I have a pretty standard installation of Kubernetes running as a single-node cluster on Ubuntu. I am trying to configure CoreDNS to resolve all internal services within my Kubernetes cluster and SOME external domain names. So far, I have just been experimenting. I started by creating a busybox pod as seen here: https://kubernetes.io/docs/tasks/administer-cluster/dns-debugging-resolution/

Everything works as described in the guide until I make changes to the corefile. I am seeing a couple of issues:

  1. I edited the default corefile using kubectl -n kube-system edit configmap coredns and replaced .:53 with cluster.local:53. After waiting, things look promising. google.com resolution began failing, while kubernetes.default.svc.cluster.local continued to succeed. However, kubernetes.default resolution began failing too. Why is that? There is still a search entry for svc.cluster.local in the busybody pod’s /etc/resolv.conf. All that changed was the corefile.
  2. I tried to add an additional stanza/block to the corefile (again, by editing the config map). I added a simple block :

    .:53{
        log
    }
    

    It seems that the corefile fails to compile or something.
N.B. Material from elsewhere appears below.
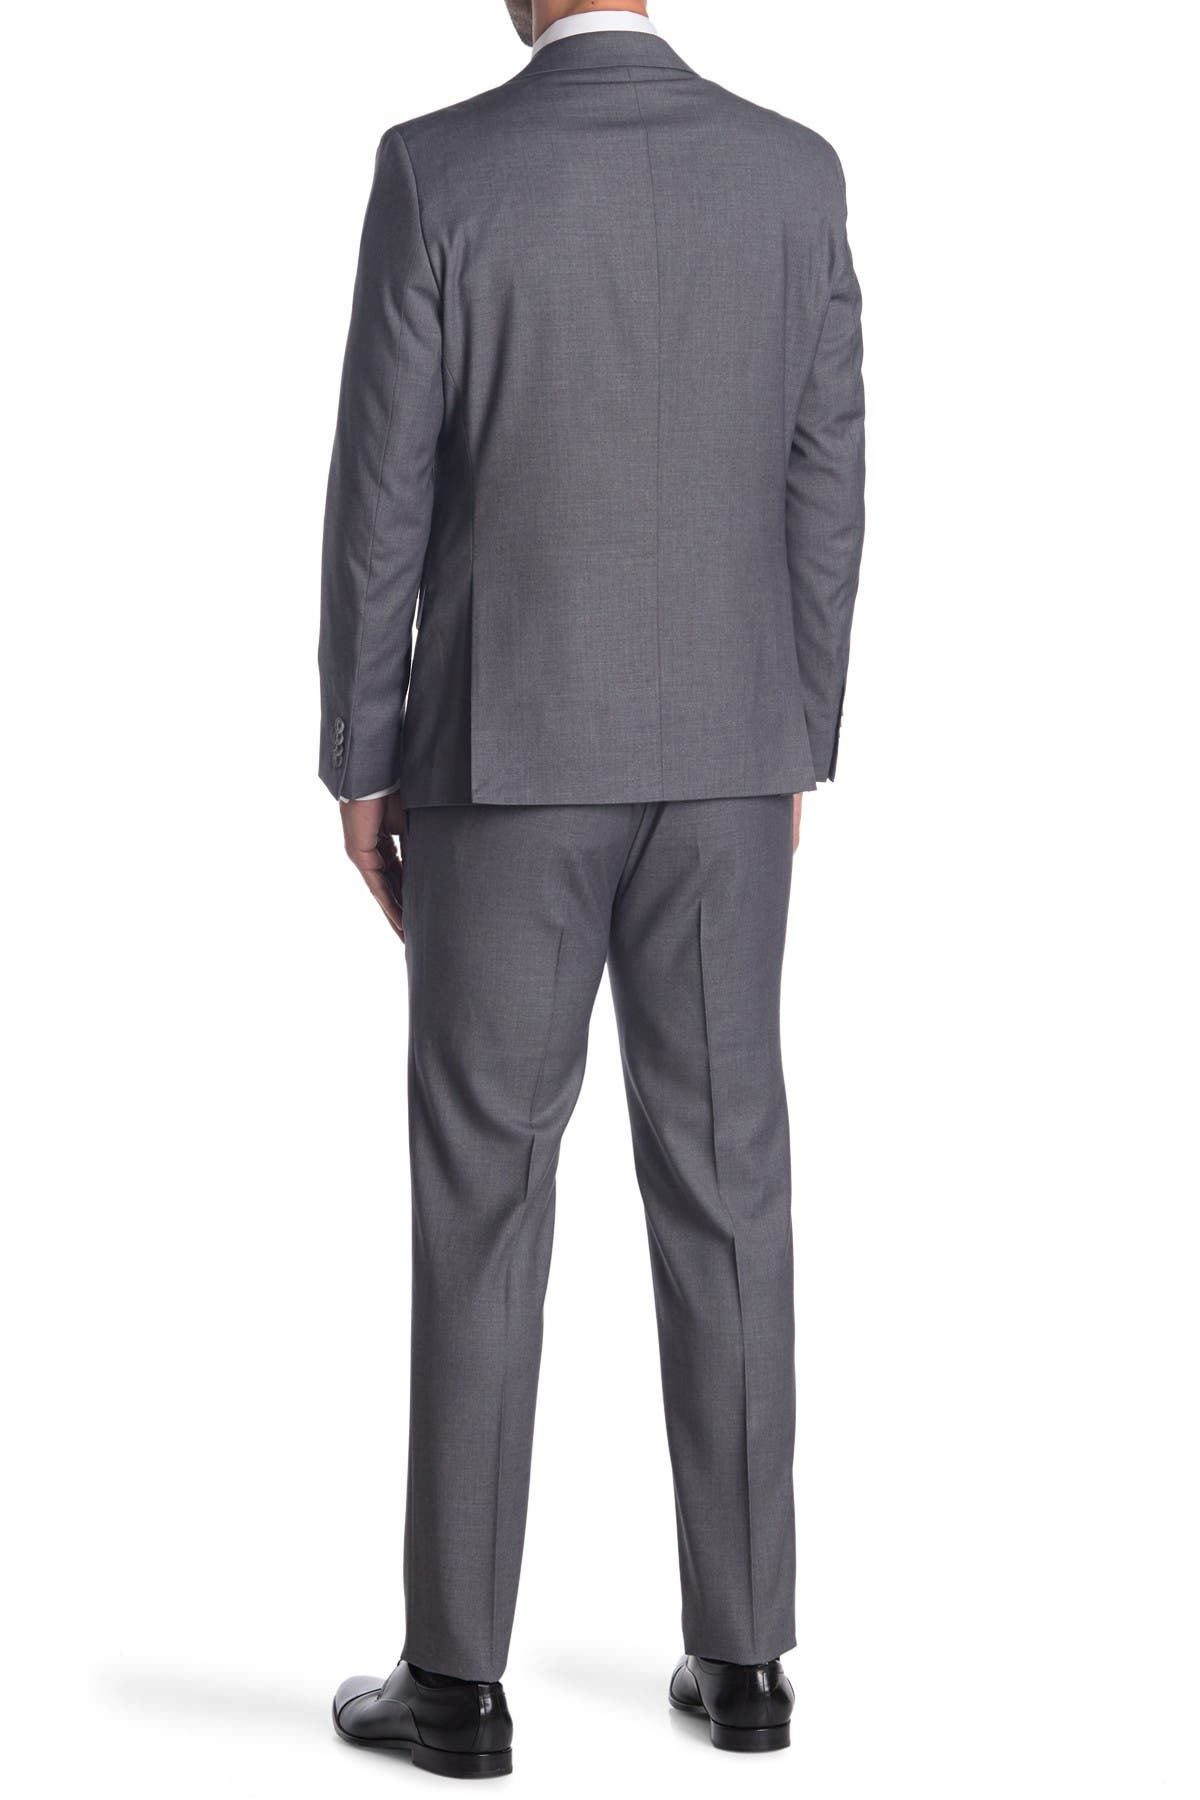 Kenneth Cole Reaction Grey Check Two Button Notch Lapel Slim Fit Suit In Medium Grey7

The pods seem healthy and don’t report any errors to the logs, but the requests all hang and fail.

I have tried to add the log plugin, but this isn’t working since the plugin is only applied to domains matching the plugin, and either the domain name doesn’t match or the corefile is broken.

For transparency, this is my new corefile :

cluster.local:53 {
    errors
    log
    health
    kubernetes cluster.local in-addr.arpa ip6.arpa {
       pods insecure
       upstream
       fallthrough in-addr.arpa ip6.arpa
    }
    prometheus :9153
    forward . /etc/resolv.conf
    cache 30
    loop
    reload
    loadbalance
}
Comprehension answered 19/6, 2019 at 21:17 Comment(0)
T
7

It looks like your Corefile got somehow corrupted during editing through "kubectl edit ..." command. Probably it's fault of your default text editor, but it's definitely valid.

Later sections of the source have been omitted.